**DATASET EXCERPT**
★ ★ ★ ★
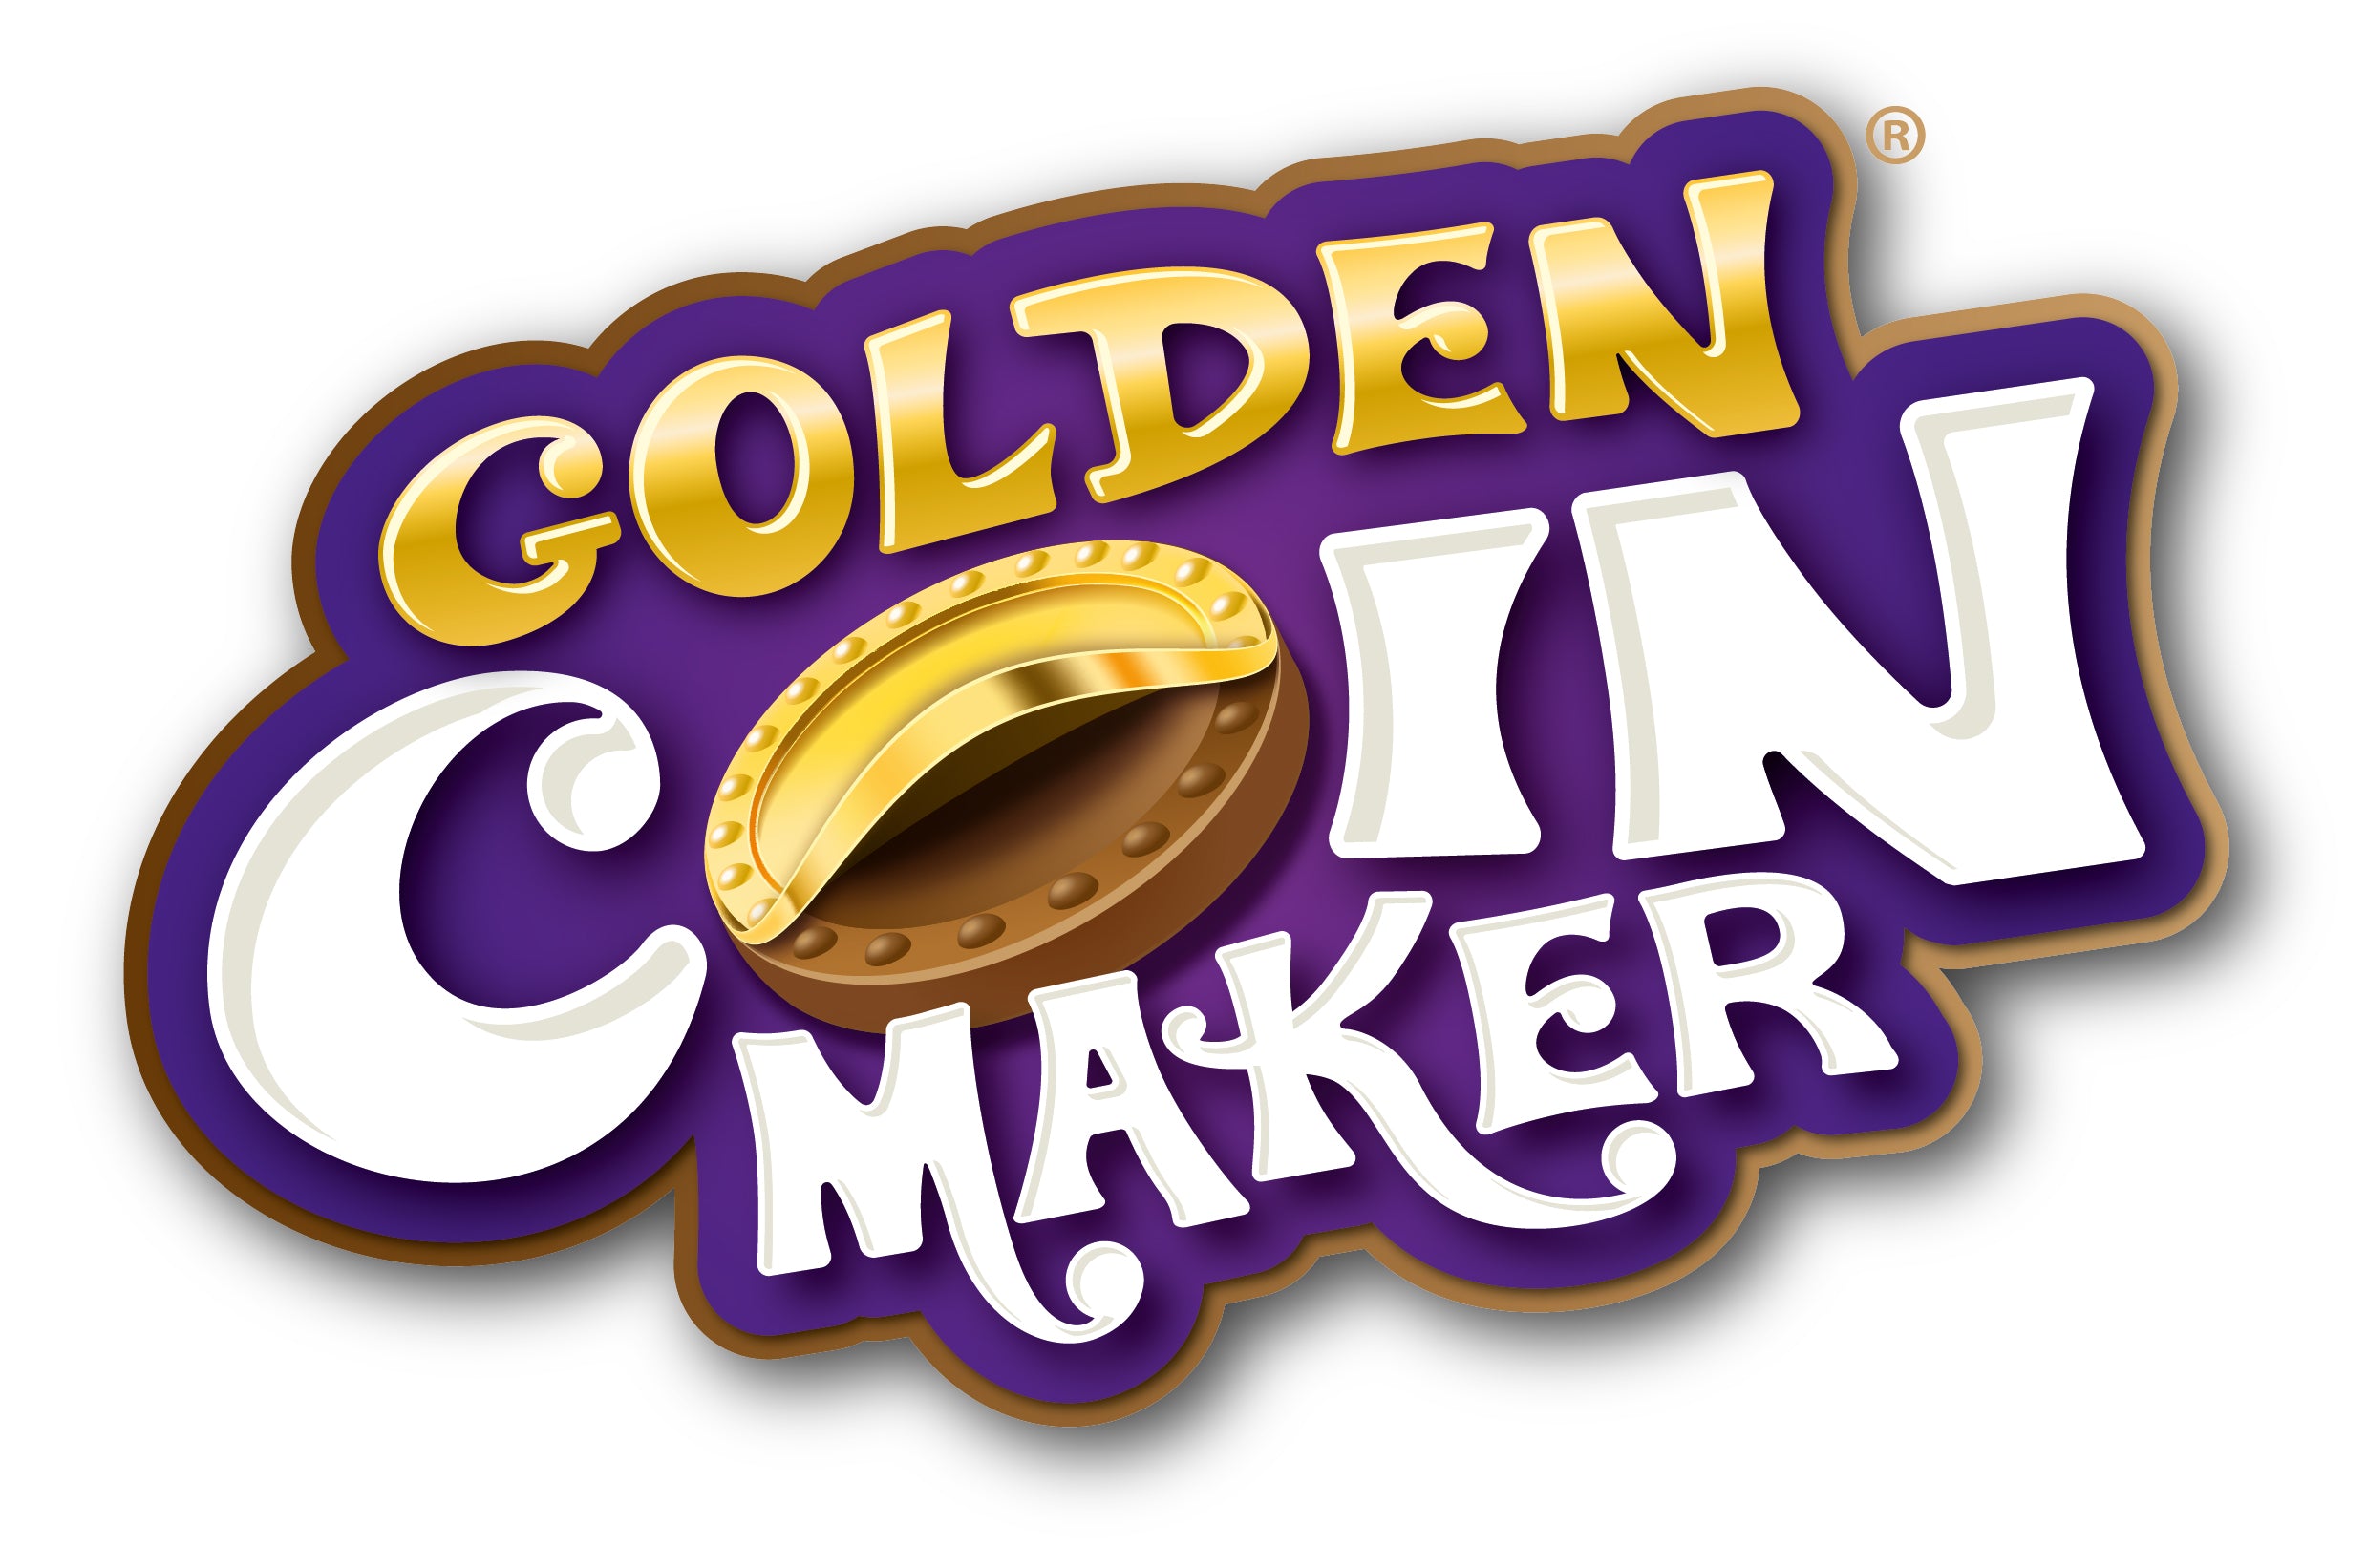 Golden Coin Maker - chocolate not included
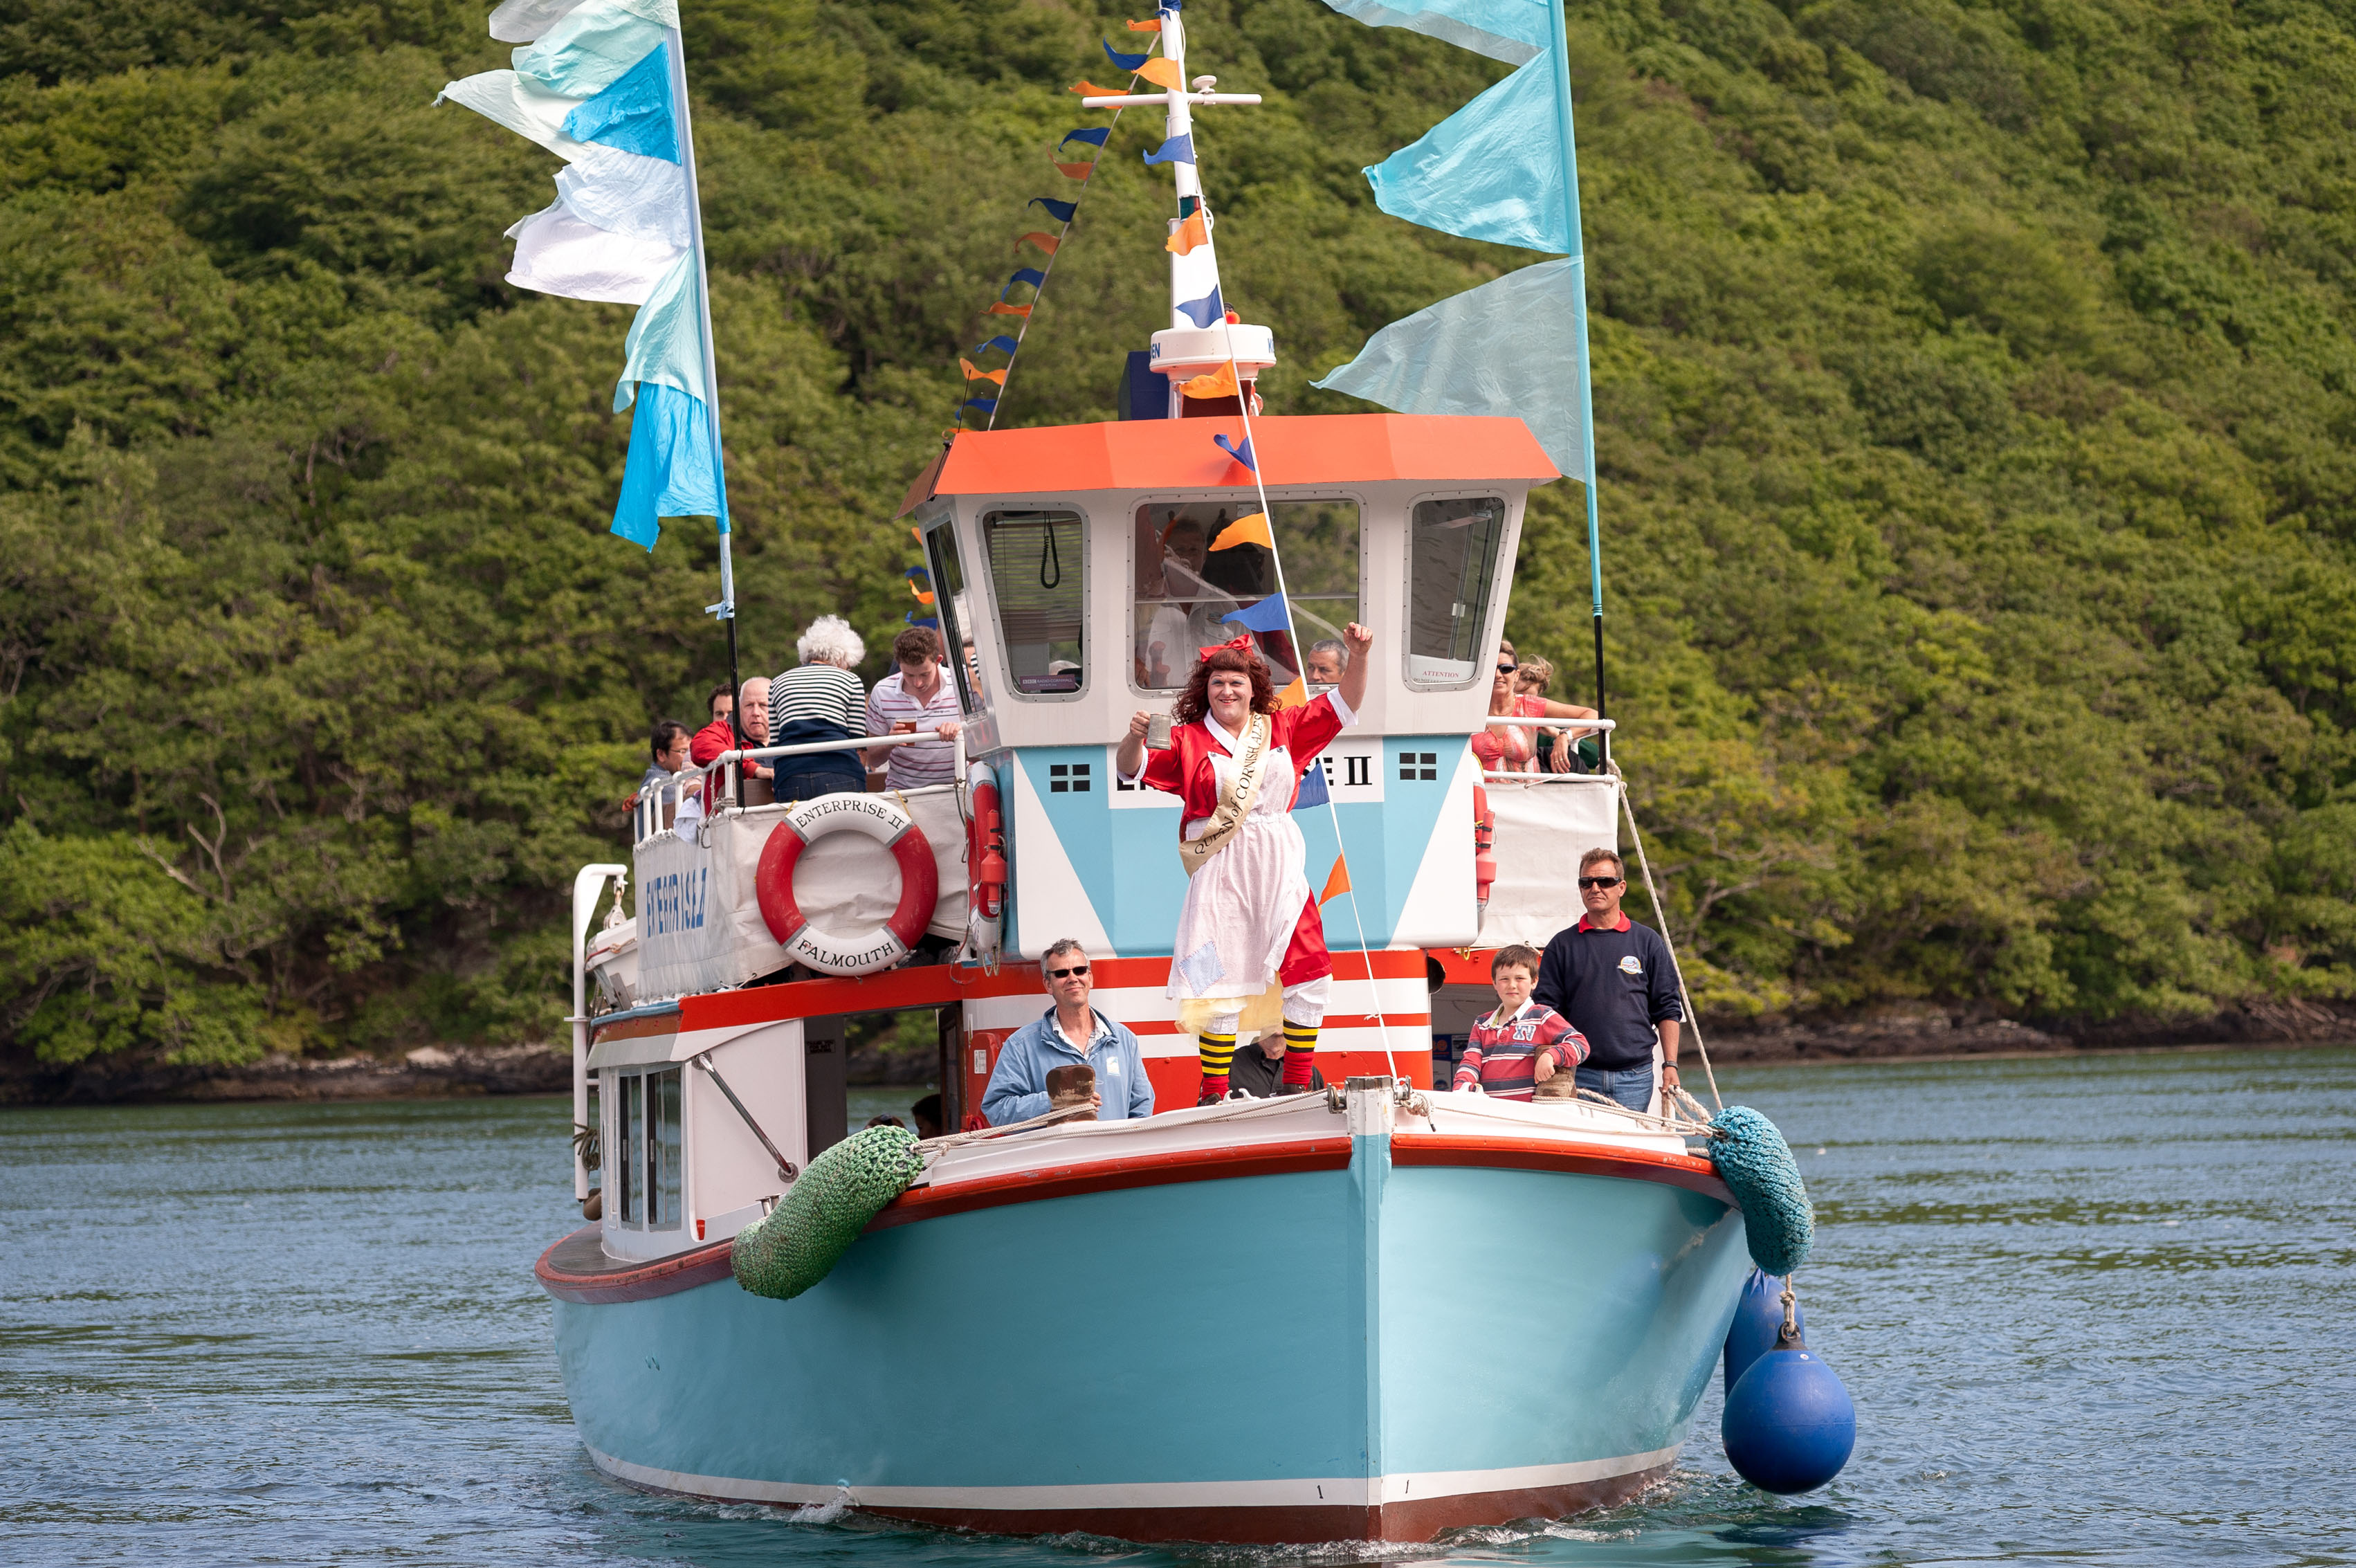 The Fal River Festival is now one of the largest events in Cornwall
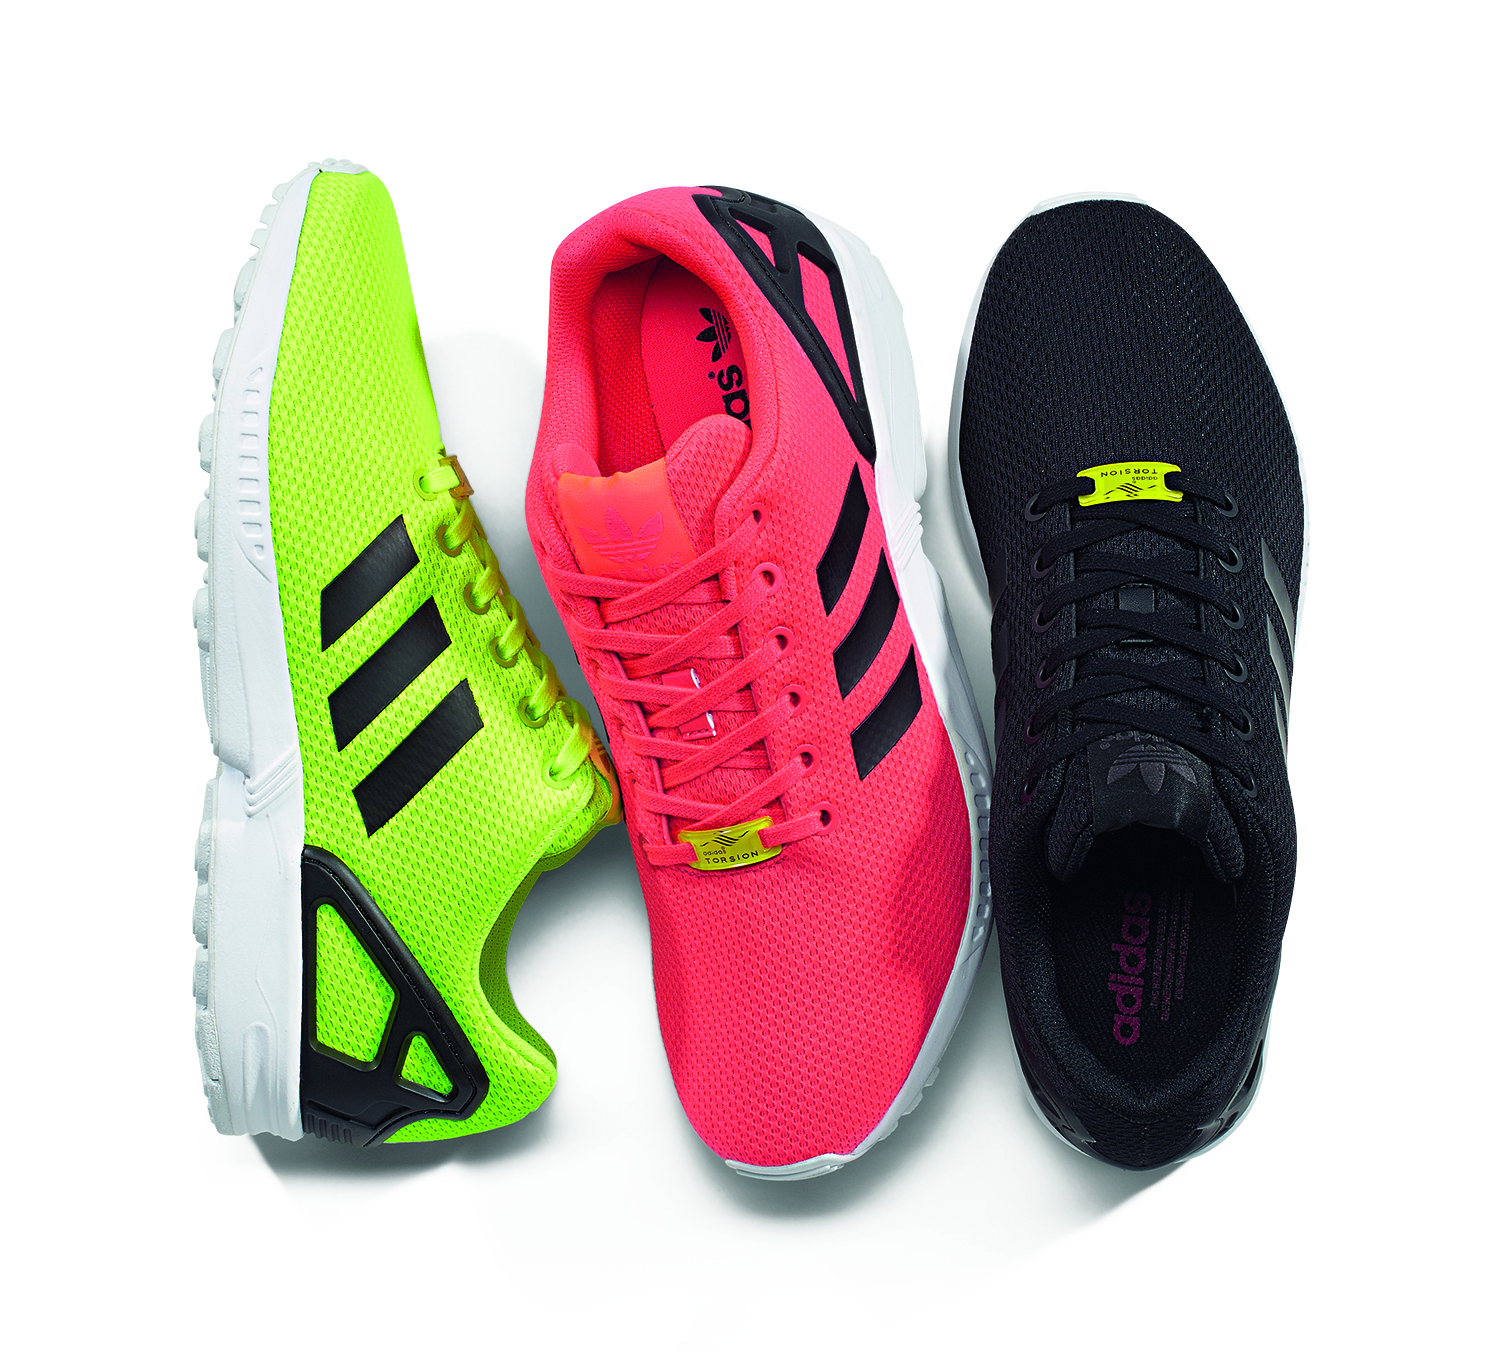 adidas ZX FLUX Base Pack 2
★ ★ ★ ★
**EXERCISE PROMPT**
Every line of the data above is to be repeated exactly; the images are to be left out.

**RESPONSE TO THE TASK**
 Golden Coin Maker - chocolate not included
 The Fal River Festival is now one of the largest events in Cornwall
 adidas ZX FLUX Base Pack 2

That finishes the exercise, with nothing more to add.